In the country things were different. Each family could make their own bread from their own flour, but had to bake it in the oven of the local lord - and no doubt pay for the privilege.

There are still laws about bread: we had a friend who used to rent a watermill, and made flour - good, wholegrain flour. They had an oven on the premises, and could make bread - but they were banned from selling it to the general public. Only a boulanger, or a recognised outlet should there be no boulanger in the village, can do that.



Just up the road from here, someone is renovating a bread oven. It is made of stone, and hemispherical, with a conical roof in clay, wood, and slate. You can see ruined ones attached to many of the old houses here. We had such an oven at the last house, and the interior was a dome lined with brick. The previous owners said they cooked pizzas in it for parties, but that seemed rather a lot of work for a small outcome.

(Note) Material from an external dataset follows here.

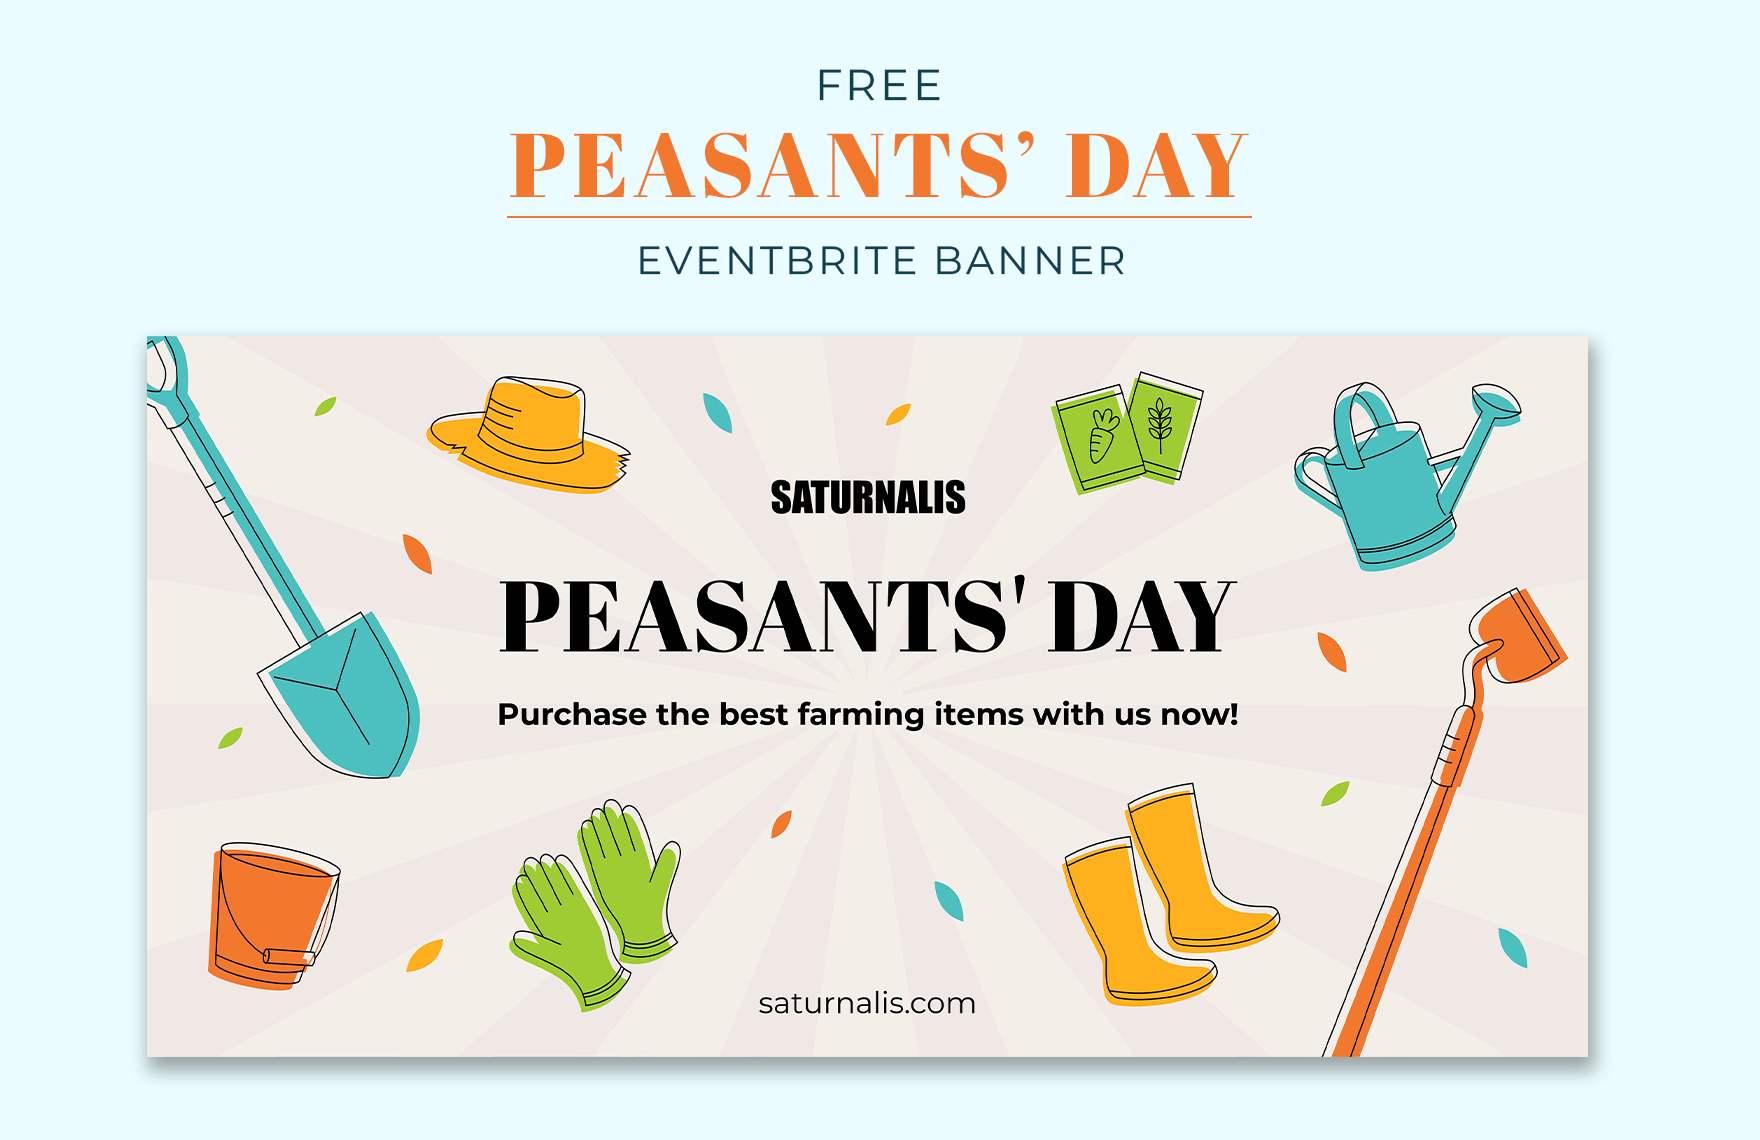 Peasant's Day Eventbrite Banner

Naturally we had to have a go.

Now, there is something about fire which attracts men (and some women). We told a friend our plans, and he was there, ready to set light, the next day. It was a bitterly cold morning in March, and it seemed like a good, warm thing to do. Faggots of kindling were put into the oven and ignited, and gently added to as time went on. Well, until the friend - Stoker, as he is now known - decided this was all a bit tame, and, true to his name, stoked things up. In the meantime, I was in the real kitchen, raising three kinds of dough.

The oven thermometer had gone critical out in the bread oven: it runs out at 350C. We had to wait for things to cool down. The bread oven room remained cold, though - the heat stayed in the oven, the smoke went up the chimney outside the oven door. Time passed. Bread cooks at pretty high temperatures: but if you put it just inside an oven which has already been off the scale, it burns in an instant. It went in, it turned black, it came out - all in the count of three.

I cut the top off, covered it with foil, and waited.

Eventually we managed three reasonable loaves: but the oven was still hot, and no country person would have wasted that heat. I put in three different casseroles, too, including a Guernsey bean pot, and we closed the door and went away.

In fact, I could have put a leg of lamb in there, and left it overnight, and it would have fallen off the bone by lunchtime. The oven was still at 150C next morning, with the iron door shut.

It seemed clear to me that, in a small village, everyone could have cooked a dish of some sort once the bread was finished, without adding a single piece of wood after the initial burn. We had food for a week. It was an excellent, economical way of cooking (once we had mastered the art of temperature control, or tied Stoker's hands behind his back, which would have done the job). One woman got to work her socks off (and I did raise the dough in the electric oven, as it was too cold to do it any other way), and two men played with fire for a good reason.

Give a man a fire, some fresh bread,  and the promise of dinner, and what more can he ask?